## Task instructions
Transcribe the lines below exactly. No image belongs in the transcription.

## Input data
= = = = = = =

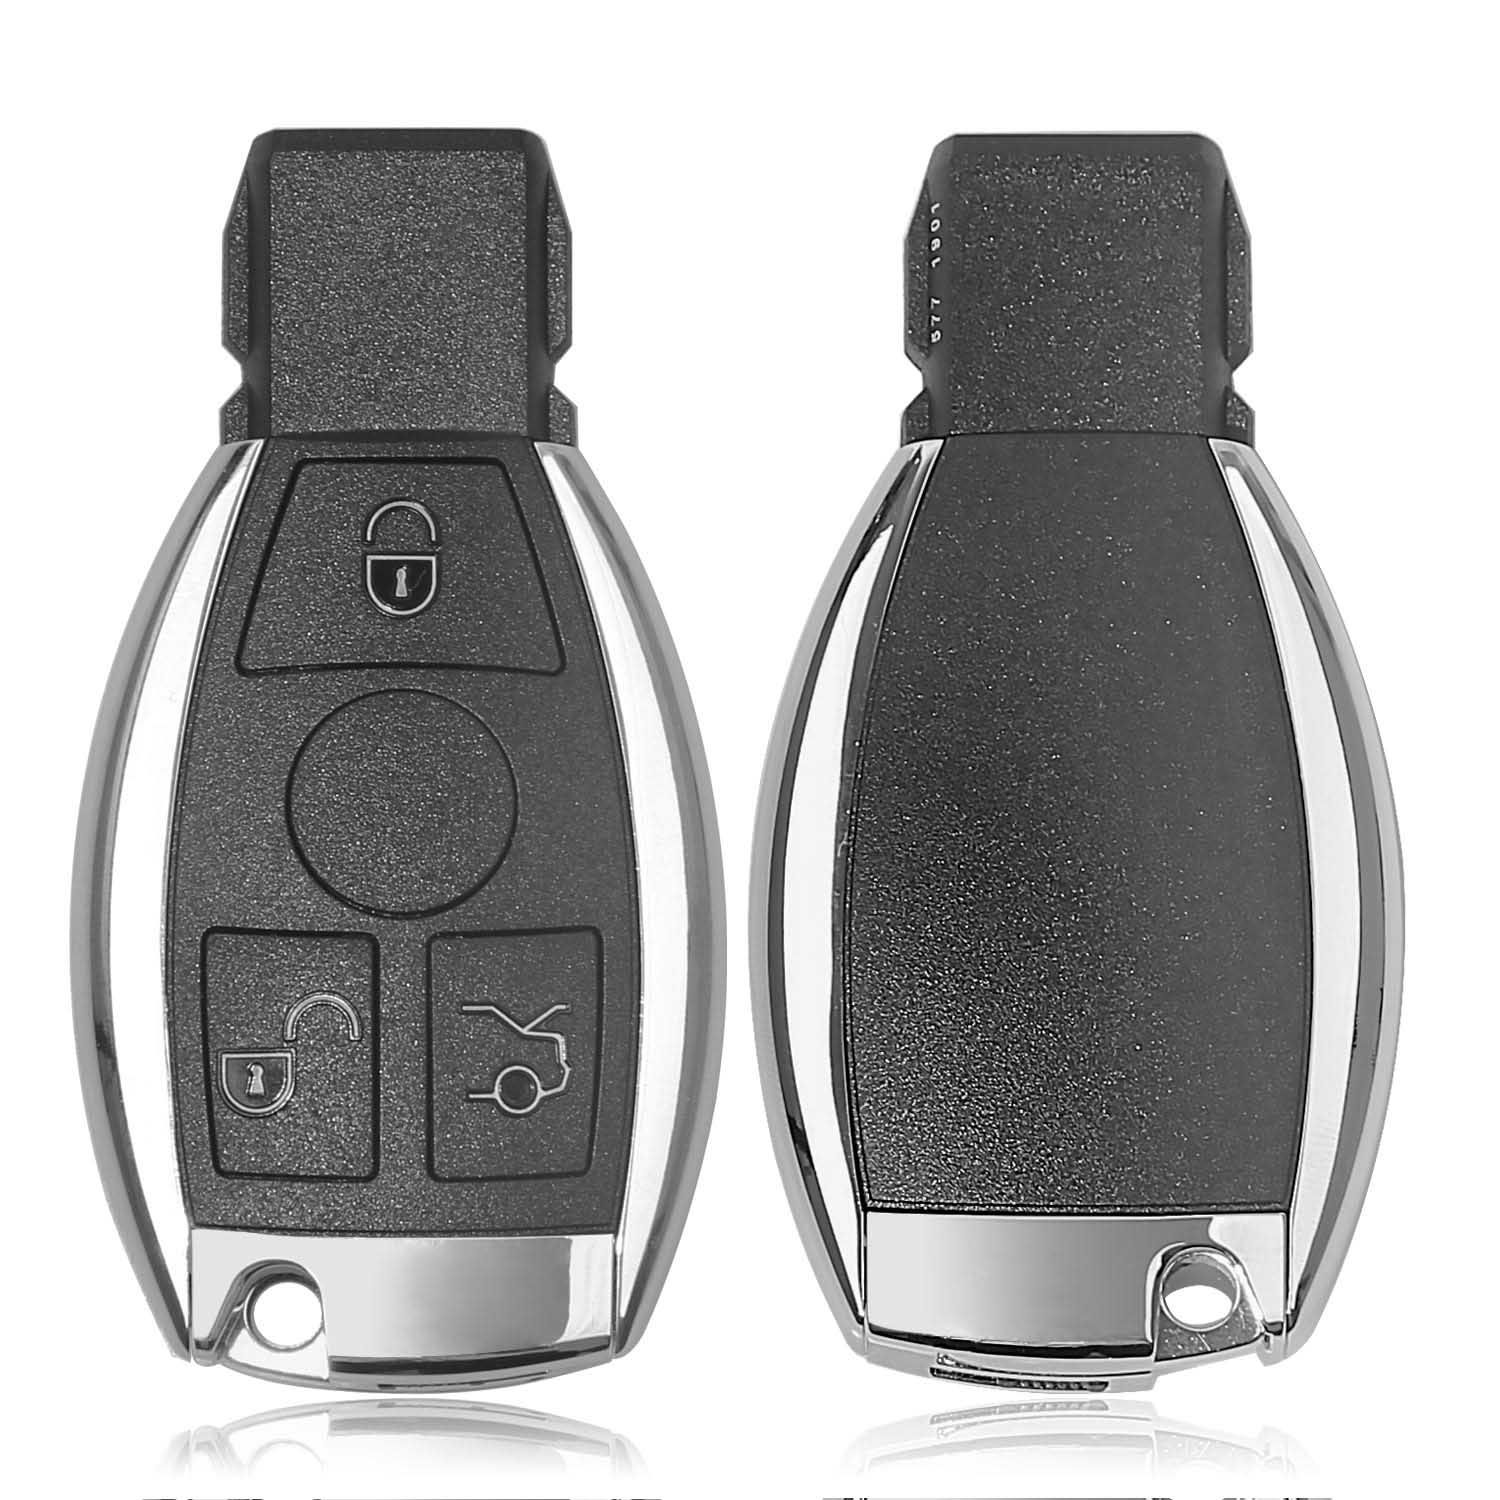 Xhorse VVDI BE Key Pro with Smart Key Shell 3 Button for Benz Key Package
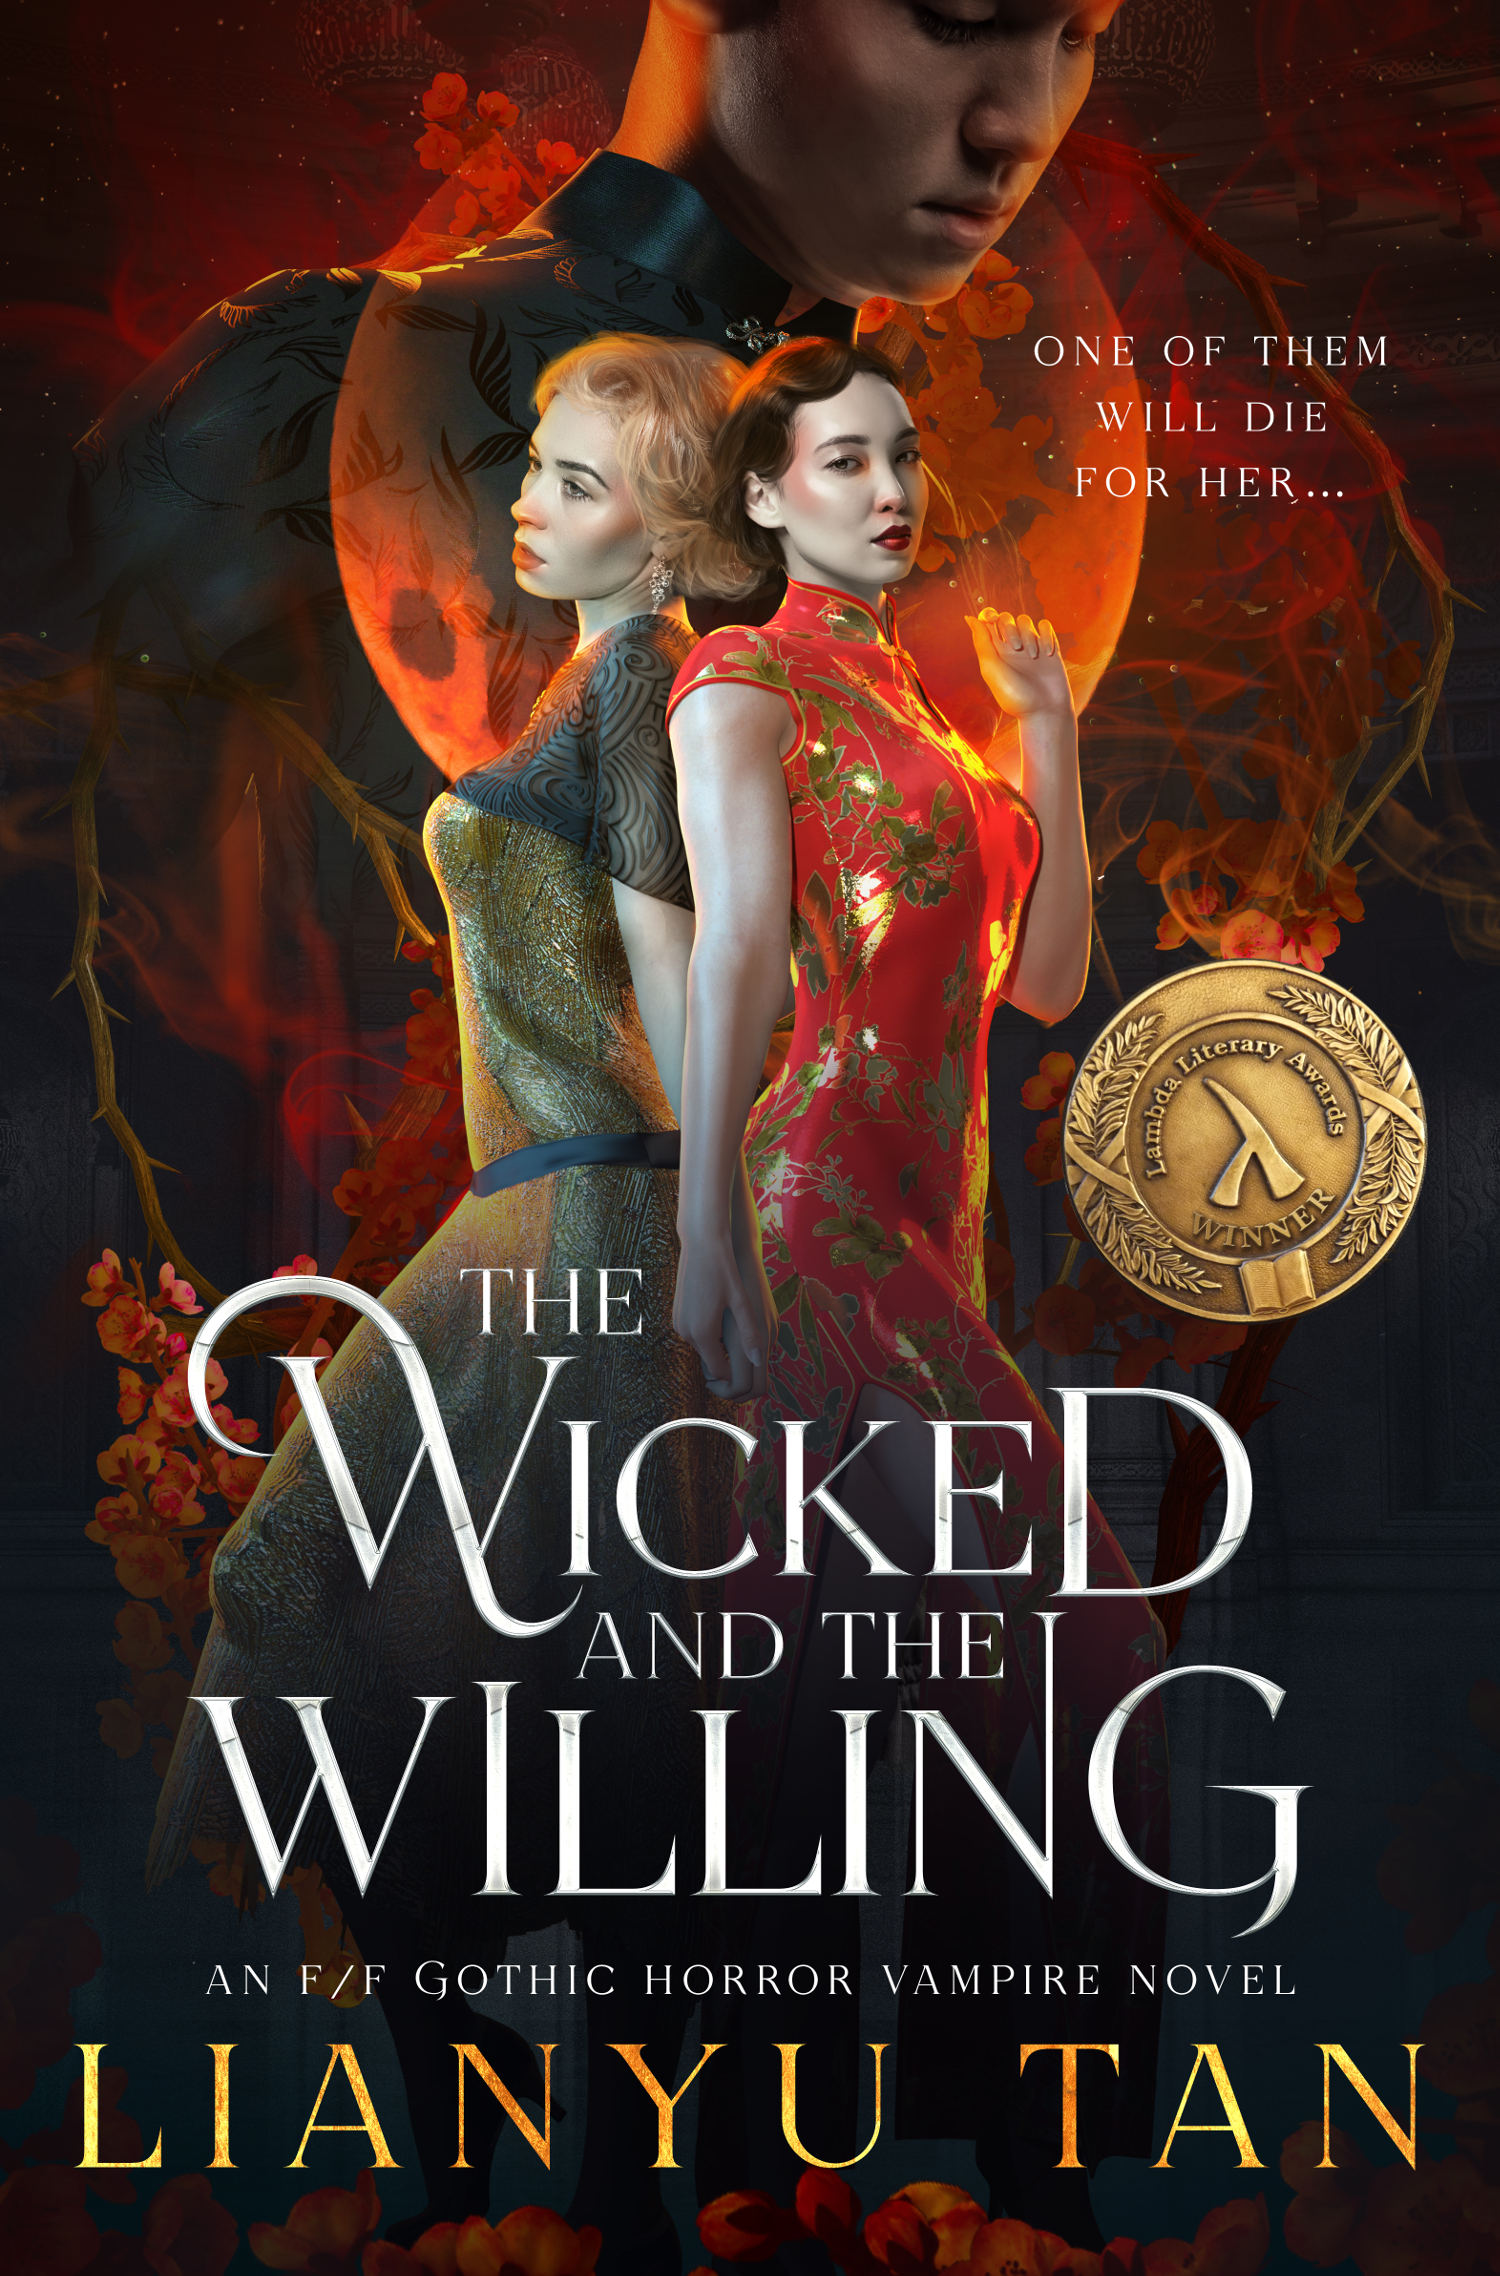 Book cover: The Wicked and the Willing by Lianyu Tan, an F/F gothic horror vampire novel. One of them will die for her... features 2 women holding hands, one Chinese and one white blonde, and a third woman's face in shadow centre. Peach blossoms and thorns line the cover.
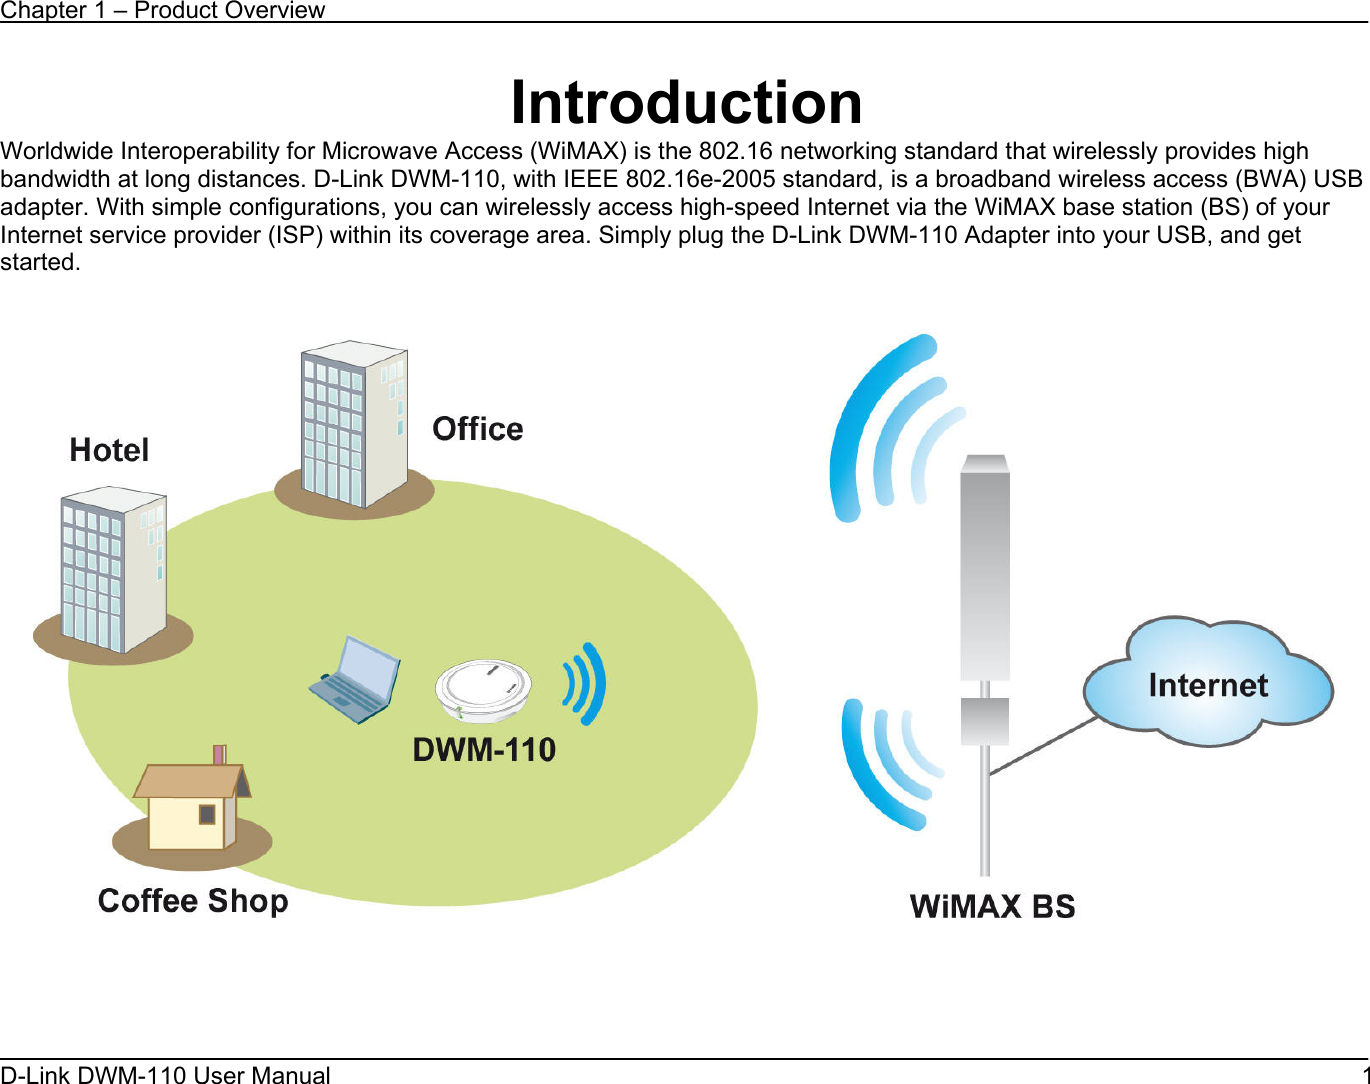 Chapter 1 – Product Overview D-Link DWM-110 User Manual   1 Introduction Worldwide Interoperability for Microwave Access (WiMAX) is the 802.16 networking standard that wirelessly provides high bandwidth at long distances. D-Link DWM-110, with IEEE 802.16e-2005 standard, is a broadband wireless access (BWA) USB adapter. With simple configurations, you can wirelessly access high-speed Internet via the WiMAX base station (BS) of your Internet service provider (ISP) within its coverage area. Simply plug the D-Link DWM-110 Adapter into your USB, and get started.

= = = = = = =

## Response to this task
 Xhorse VVDI BE Key Pro with Smart Key Shell 3 Button for Benz Key Package
 Book cover: The Wicked and the Willing by Lianyu Tan, an F/F gothic horror vampire novel. One of them will die for her... features 2 women holding hands, one Chinese and one white blonde, and a third woman's face in shadow centre. Peach blossoms and thorns line the cover.
 Chapter 1 – Product Overview D-Link DWM-110 User Manual   1 Introduction Worldwide Interoperability for Microwave Access (WiMAX) is the 802.16 networking standard that wirelessly provides high bandwidth at long distances. D-Link DWM-110, with IEEE 802.16e-2005 standard, is a broadband wireless access (BWA) USB adapter. With simple configurations, you can wirelessly access high-speed Internet via the WiMAX base station (BS) of your Internet service provider (ISP) within its coverage area. Simply plug the D-Link DWM-110 Adapter into your USB, and get started.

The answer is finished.